We held a backup workshop that was really relaxed. We all sat around the campfire for a roundtable of:
- what people expected of the workshop
- what their backup strategy was (if any)
- worst backup story
I came out with this set of notes about people's expectations, the software they use, and some good practices.
Expectations
What people were looking for coming to this workshop:
- learn best practices in professionnal world
- new developments in backup software
- a good, one tool to backup my computer(s)
- encryption
- share and discover pain points
Software
This is the software that was described in the workshop, in no particular order.
However, we have good confidence in Back in time, dejadup, rsync, bup and attic (now borg) being or becoming great software options. mediagoblin is also cool but is not backup software per se.
- Back in time
- Useful for desktops with a GUI
- uses rsync and hardlinks
- incremental
- history: can go back to previous versions easily
- supports multiple profiles
- plus it has an awesome theme song
- rdiff-backup
- incremental
- history
- metadata support (permissions, etc)
- used on many servers
- old (last release in 2009!)
- not very scalable
- commandline
- Python
- rsync
- commandline
- incremental
- no history
- metadata support requires root on both ends
- very widely used
- well maintained
- often used as the basis for other scrips, for example rsnapshot
- C
- dropbox
- proprietary service
- basic example of a "cloud" service, where you store a copy of your files on a third party server
- "copying folders"
- simply copying important folders to external drive regularly
- file managers have various levels of support for this, some will merge, other will just replace
- ideally they could use rsync or similar...
- symform
- also cloud
- also proprietary
- p2p - get 1GB free for every 2GB shared
- syncs files between machines
- dejadup
- based on duplicity
- incremental
- history
- GUI
- encryption
- bup
- incremental
- history
- deduplication
- commandline
- can't remove old backups
- very fast
- may be difficult to use
- very solid
- based on git
- attic (now borg)
- incremental
- history
- deduplication
- commandline
- encryption
- very fast
- mediagoblin
- free software gallery for video, audio, photos, 3d models...

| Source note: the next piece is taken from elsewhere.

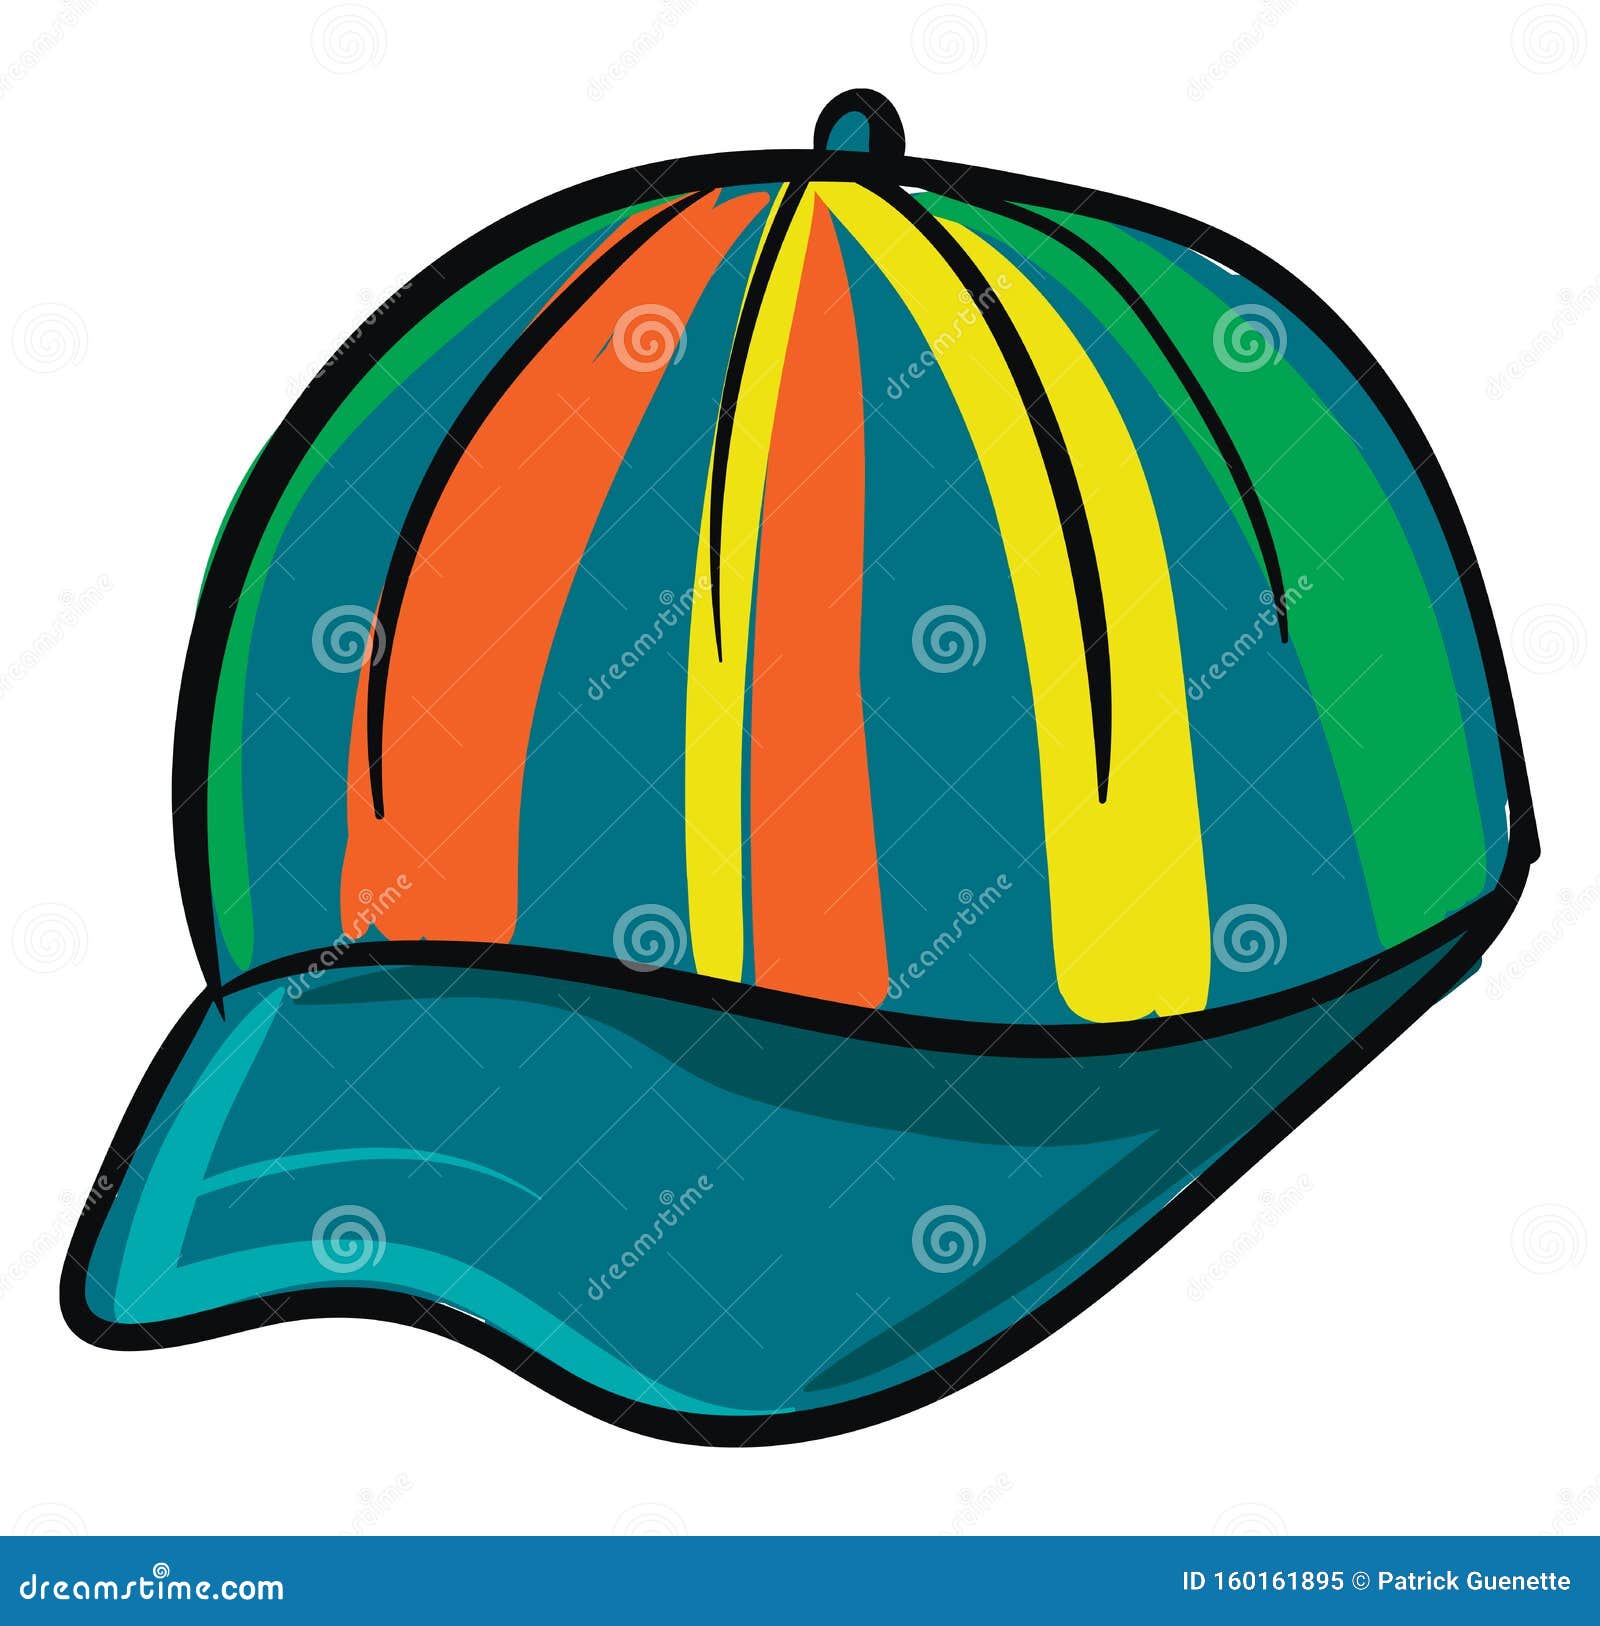 Clipart of a Multi-colored Big Summer Cap for Men/women Set Isolated on  White Background, Vector or Color Illustration Stock Vector - Illustration  of vector, colored: 160161895

- not a backup tool, but a free service for cloud alternatives
There are of course many more backup software alternatives, but those were all mentionned in the workshop.
Some software added after the workshop:
- syncany - more like a syncing tool
- borg backup - fork de attic
- git-annex - archival software
Strategies
Here are all the strategies that were described in the working group.

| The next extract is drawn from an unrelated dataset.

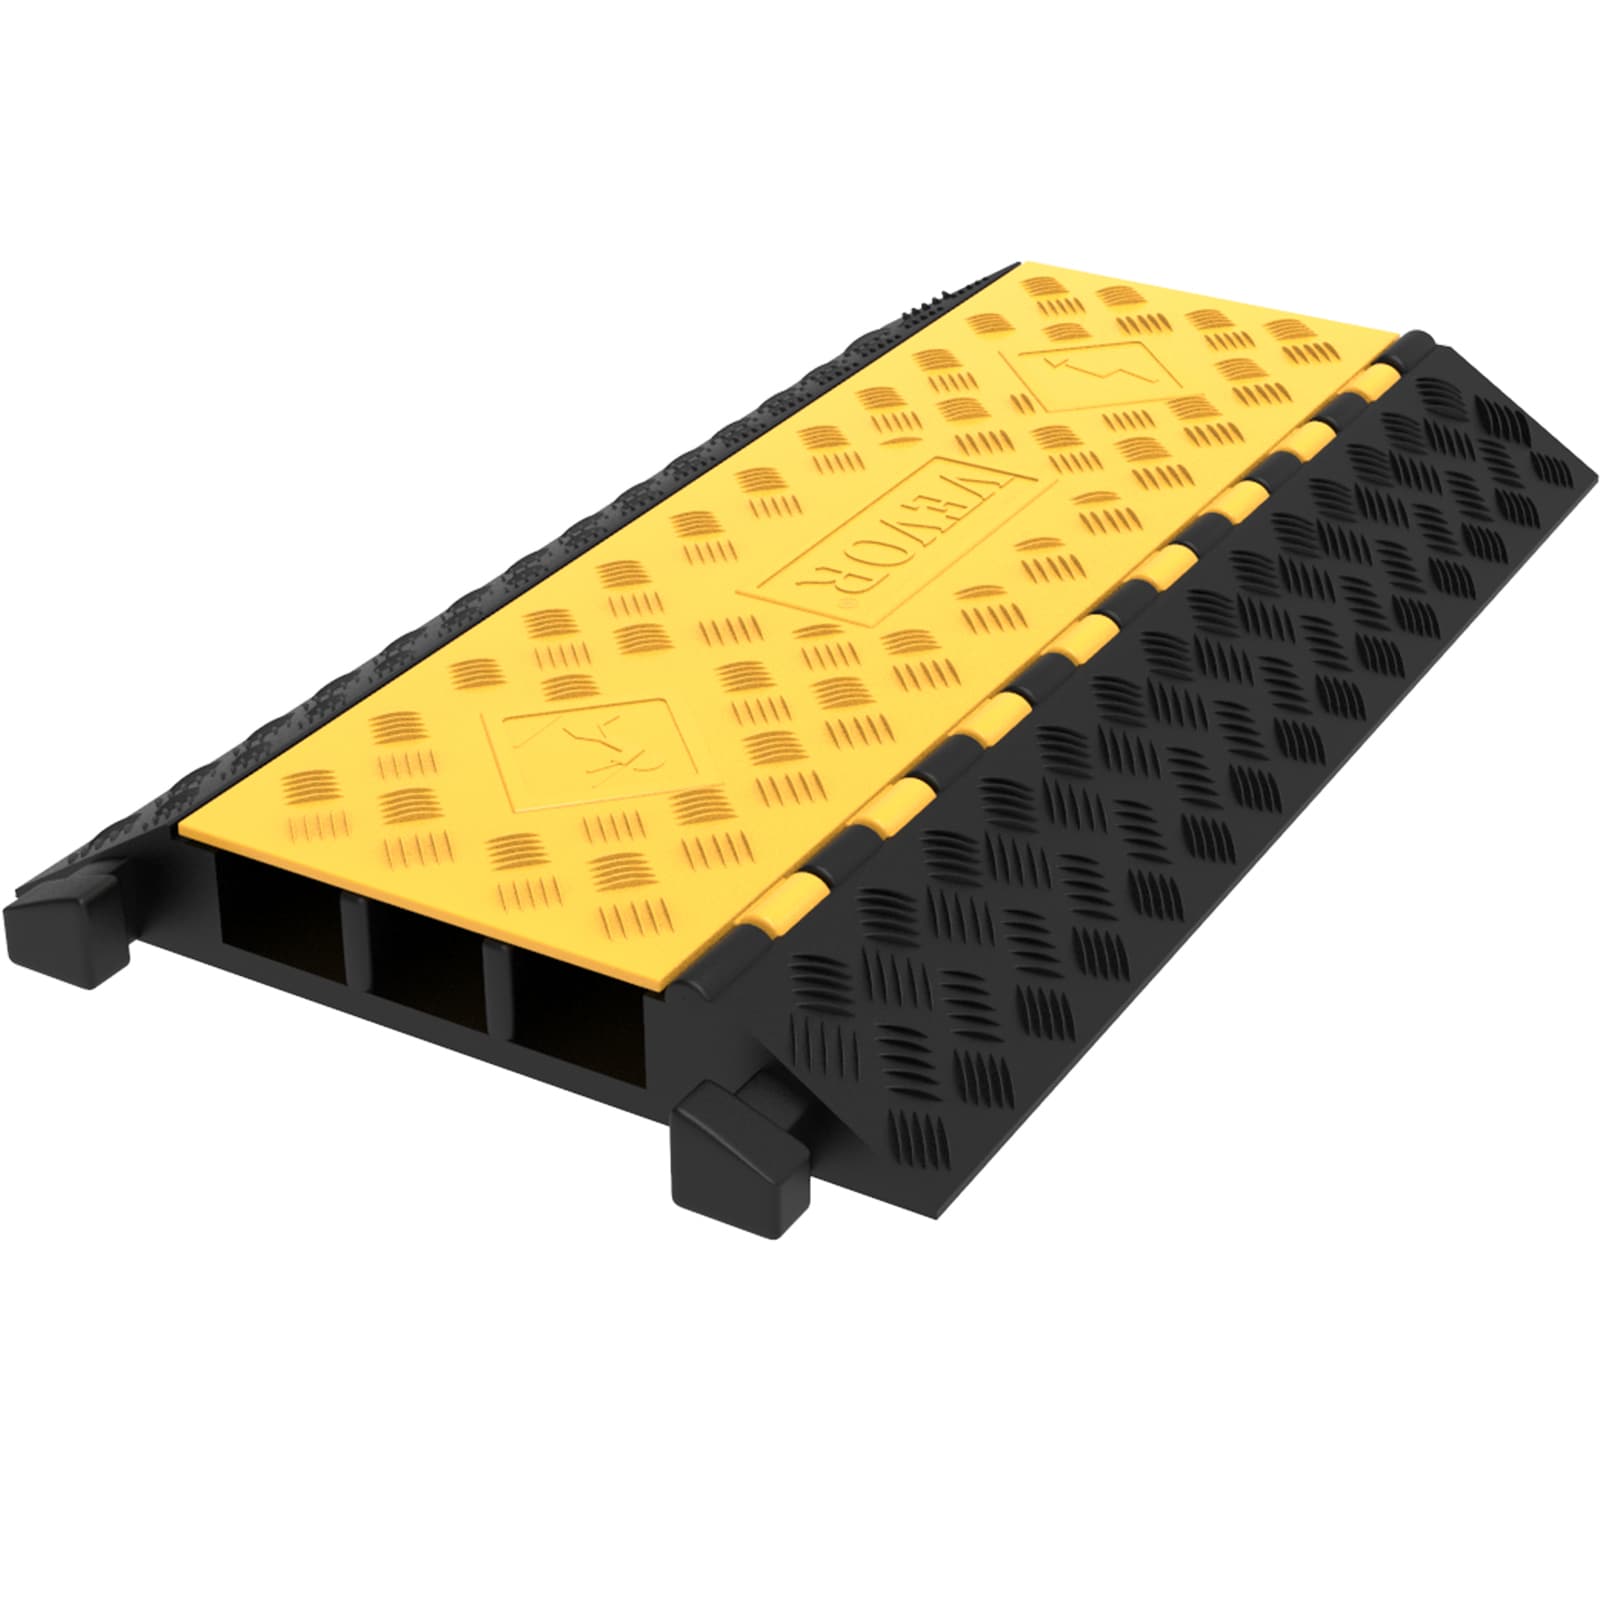 Cable Raceway Cover, Pvc Floor Cord Protector

- squirrel: spread your little files everywhere, but you may have trouble finding them
- diaspora: a little similar, share your files with everyone
- external drive: backup to an external drive
- offsite drive: swap that drive with another one in another location (see also JWZ's backup documentation)
- encrypted drives: same, but use Full Disk Encryption
- usb key: all important files on a single USB key that is backed up at home whenever it is inserted at a certain time (requires a cronjob)

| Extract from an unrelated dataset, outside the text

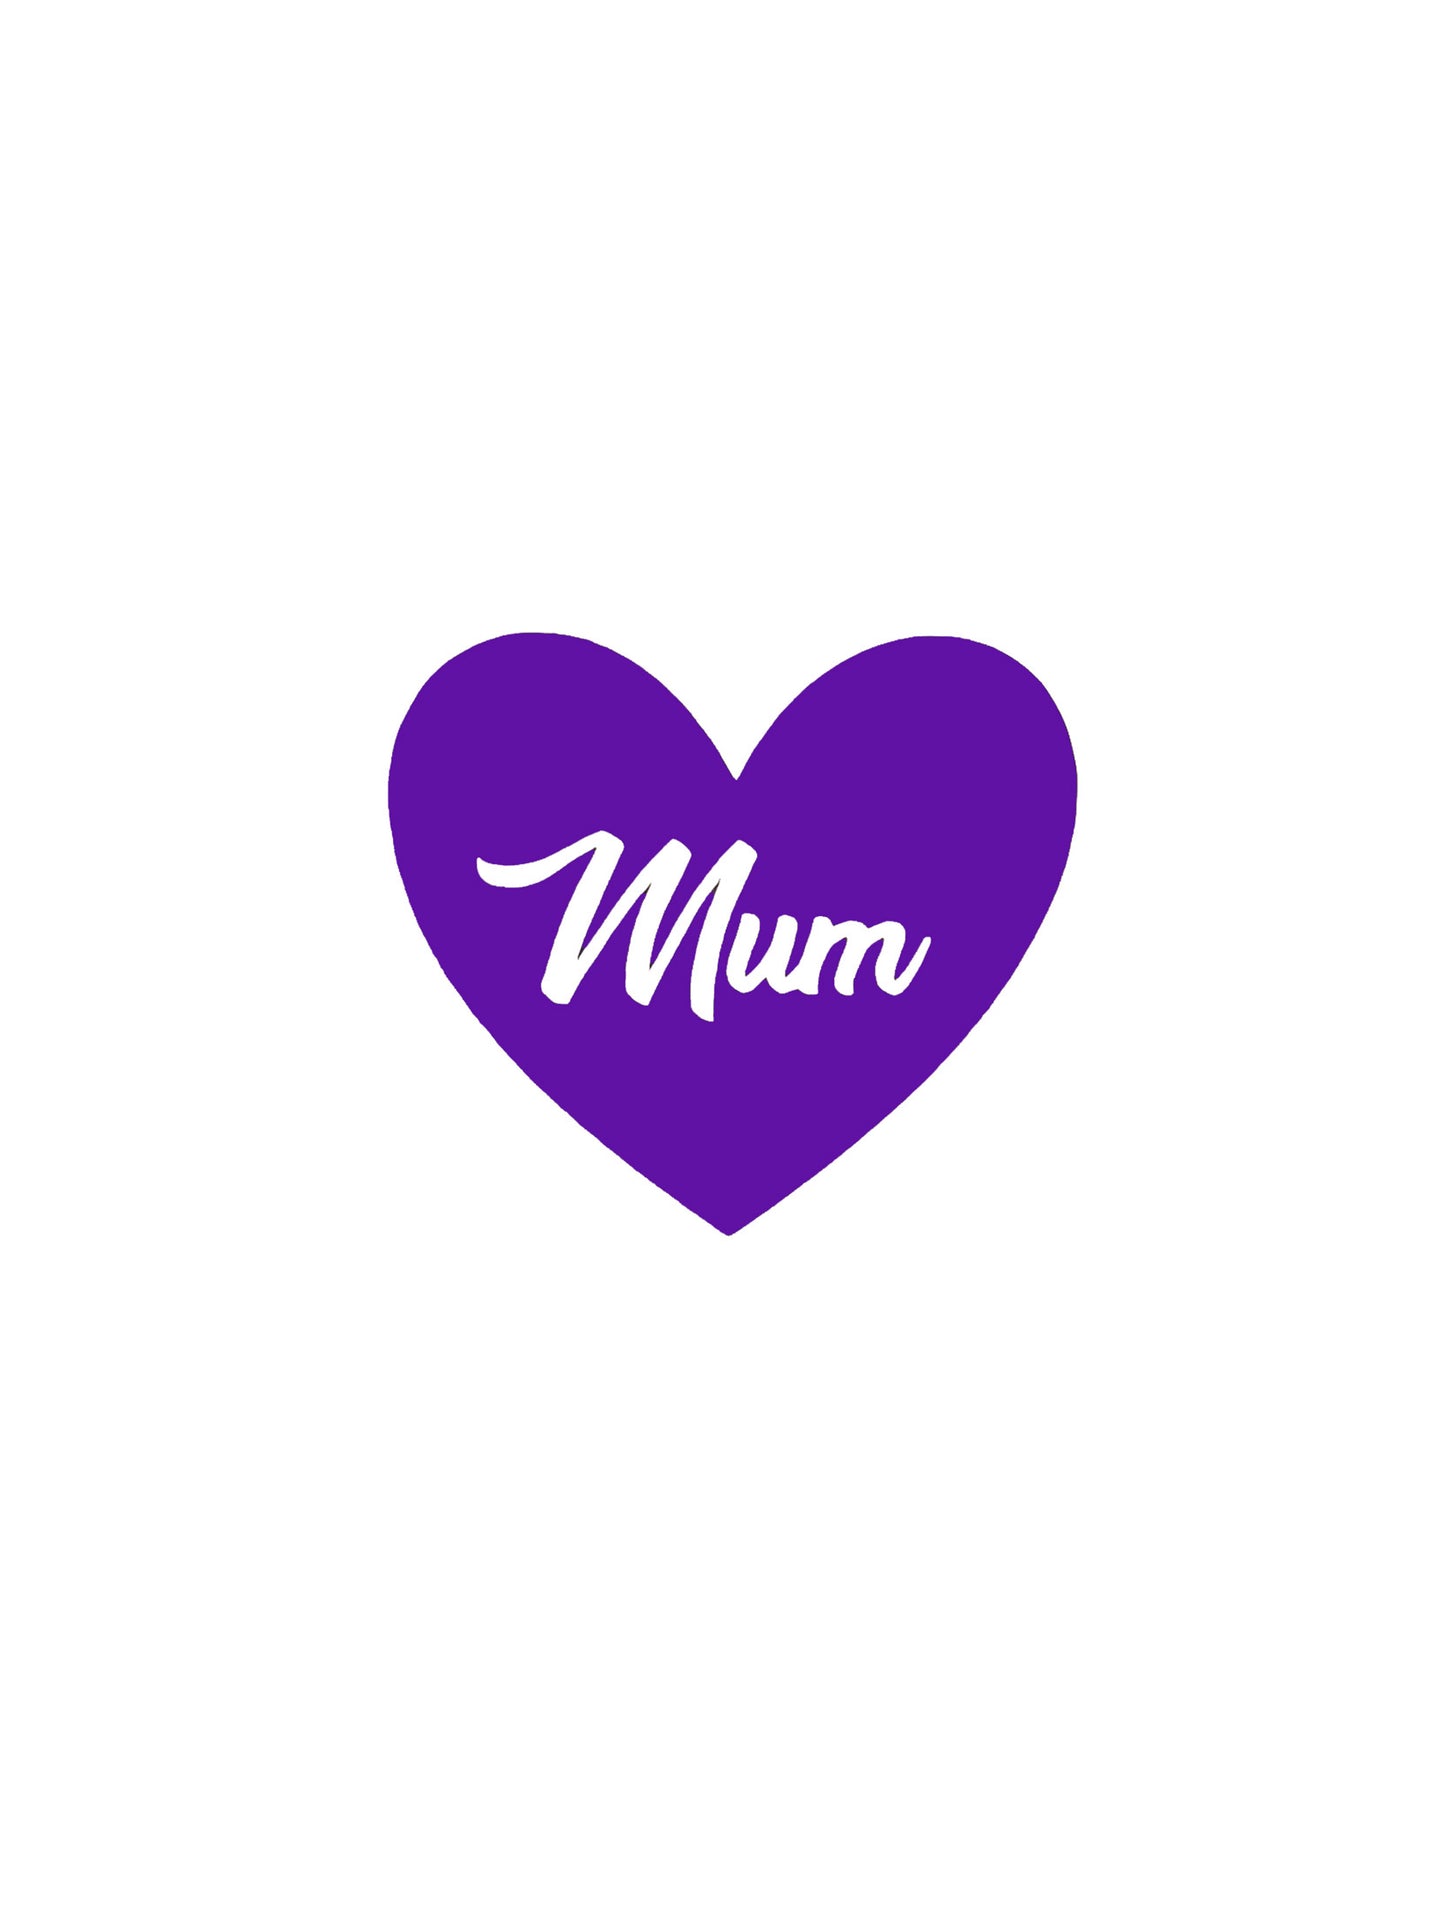 Mum within Heart Vinyl Decal Sticker - Perfect for Laptops, Windows, Mirrors, Wall Art

- cloud: copy regularly your important files on a cloud provider like Dropbox
- mailing flash cards: store crucial files on a flash card and send it by email
- outsourcing: have your friend, partner or workplace do backups for you
- don't backup anything: you are ready to loose everything on that device (maybe it's just a copy from the cloud!)... and you will.
As you can see, there is a huge variety of backup strategies and that is just from 6 people!
Horror stories
Those are the basic horror stories you can expect from having no backups, or having backups break:
- backup stolen, lost a year of photos without backups
- lost everything
- ubuntu's default sucks, doesn't do anything
- lost 600 emails
- physically destroyed own computer
- destroyed a whole client virtual machine
- forgot crypto password
What to backup
A question that was asked in the workshop is how to decide what to backup. Here are the answers we came up with:
- the work you don't want to have to redo all over again
- non-public, personnal data
- copy of your passport? notice how we hold our digital data so dear while we don't backup our paper data!
- your passwords
- choose what not to backup instead of selecting what seems important, that way you're certain you won't miss anything
Good practices
And here are some random advice on top of all that:
- automated: backups should be automated, otherwise you will forget to do them
- have reminders to verify the backups, do test recoveries, otherwise you won't know that it is possible to restore them
- backup frequency: duration of data you are ready to loose
- backups can be noisy at home: modulate backup sounds so they become art!